I Can do it if the JSON have the same Schema like you can see in this other question: Parse JSON root in a column using Spark-Scala
I'm working with the following data:
val exampleJsonDifferentSchema = spark.createDataset(
"""
{"ITEM1512":
{"name":"Yin",
"address":{"city":"Columbus",
"state":"Ohio"},
"age":28 },
"ITEM1518":
{"name":"Yang",
"address":{"city":"Working",
"state":"Marc"}
},
"ITEM1458":
{"name":"Yossup",
"address":{"city":"Macoss",
"state":"Microsoft"},
"age":28
}
}""" :: Nil)
As you see the difference is that one Data Frame doesn't have Age.
val itemsExampleDiff = spark.read.json(exampleJsonDifferentSchema)
itemsExampleDiff.show(false)
itemsExampleDiff.printSchema
+---------------------------------+---------------------------+-----------------------+
|ITEM1458 |ITEM1512 |ITEM1518 |
+---------------------------------+---------------------------+-----------------------+
|[[Macoss, Microsoft], 28, Yossup]|[[Columbus, Ohio], 28, Yin]|[[Working, Marc], Yang]|
+---------------------------------+---------------------------+-----------------------+
root
|-- ITEM1458: struct (nullable = true)
| |-- address: struct (nullable = true)
| | |-- city: string (nullable = true)
| | |-- state: string (nullable = true)
| |-- age: long (nullable = true)
| |-- name: string (nullable = true)
|-- ITEM1512: struct (nullable = true)
| |-- address: struct (nullable = true)
| | |-- city: string (nullable = true)
| | |-- state: string (nullable = true)
| |-- age: long (nullable = true)
| |-- name: string (nullable = true)
|-- ITEM1518: struct (nullable = true)
| |-- address: struct (nullable = true)
| | |-- city: string (nullable = true)
| | |-- state: string (nullable = true)
| |-- name: string (nullable = true)
My solution now is as the follow code where i make an array of DataFrame:
val columns:Array[String] = itemsExample.columns
var arrayOfExampleDFs:Array[DataFrame] = Array()
for(col_name <- columns){
val temp = itemsExample.select(lit(col_name).as("Item"), col(col_name).as("Value"))
arrayOfExampleDFs = arrayOfExampleDFs :+ temp
}
val jsonDF = arrayOfExampleDFs.reduce(_ union _)
But I've a JSON with Different Schemas when I reduce in a union I can't do it because the Data Frame need to have the same Schema. In fact, I've the following error:
org.apache.spark.sql.AnalysisException: Union can only be performed on tables with the compatible column types.
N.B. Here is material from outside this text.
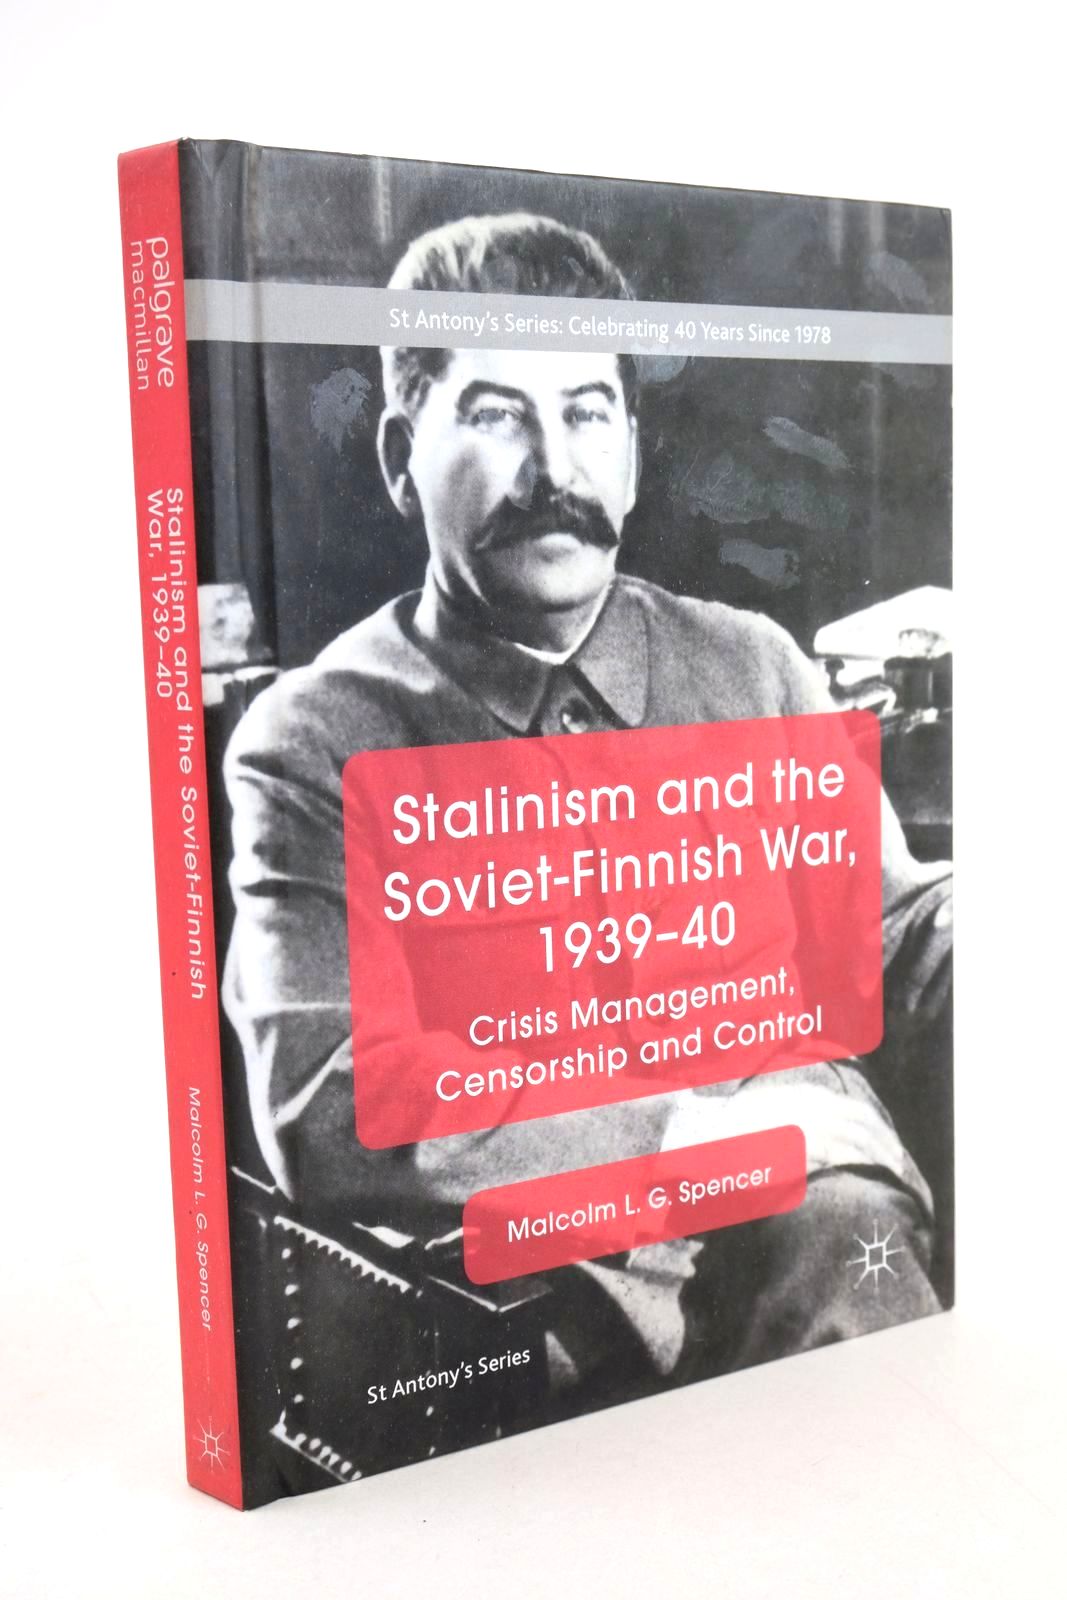 Photo of STALINISM AND THE SOVIET-FINNISH WAR, 1939-40 written by Spencer, Malcolm L.G. published by Palgrave Macmillan (STOCK CODE: 1327554)  for sale by Stella & Rose's Books

I'm trying to do something similar I've found in this question: How to perform union on two DataFrames with different amounts of columns in spark?
Specifically that part:
val cols1 = df1.columns.toSet
val cols2 = df2.columns.toSet
val total = cols1 ++ cols2 // union
def expr(myCols: Set[String], allCols: Set[String]) = {
allCols.toList.map(x => x match {
case x if myCols.contains(x) => col(x)
case _ => lit(null).as(x)
})
}
But I cant make the set for the columns because I need to catch dynamically the columns both totals and singles. I only can do something like that:
for(i <- 0 until arrayOfExampleDFs.length-1) {
val cols1 = arrayOfExampleDFs(i).select("Value").columns.toSet
val cols2 = arrayOfExampleDFs(i+1).select("Value").columns.toSet
val total = cols1 ++ cols2
arrayOfExampleDFs(i).select("Value").printSchema()
print(total)
}
So, how could be a function that do this union dynamically?
Update: expected output
In this Case This Data Frame and Schema:
+--------+---------------------------------+
|Item |Value |
+--------+---------------------------------+
|ITEM1458|[[Macoss, Microsoft], 28, Yossup]|
|ITEM1512|[[Columbus, Ohio], 28, Yin] |
|ITEM1518|[[Working, Marc], null, Yang] |
+--------+---------------------------------+
root
|-- Item: string (nullable = false)
|-- Value: struct (nullable = true)
| |-- address: struct (nullable = true)
| | |-- city: string (nullable = true)
| | |-- state: string (nullable = true)
| |-- age: long (nullable = true)
| |-- name: string (nullable = true)
Upvotes: 1
Views: 1507
Reputation: 7316
Here is one possible solution which creates a common schema for all the dataframes by adding the age column when it is not found:
import org.apache.spark.sql.functions.{col, lit, struct}
import org.apache.spark.sql.types.{LongType, StructField, StructType}
....
for(col_name <- columns){
val currentDf = itemsExampleDiff.select(col(col_name))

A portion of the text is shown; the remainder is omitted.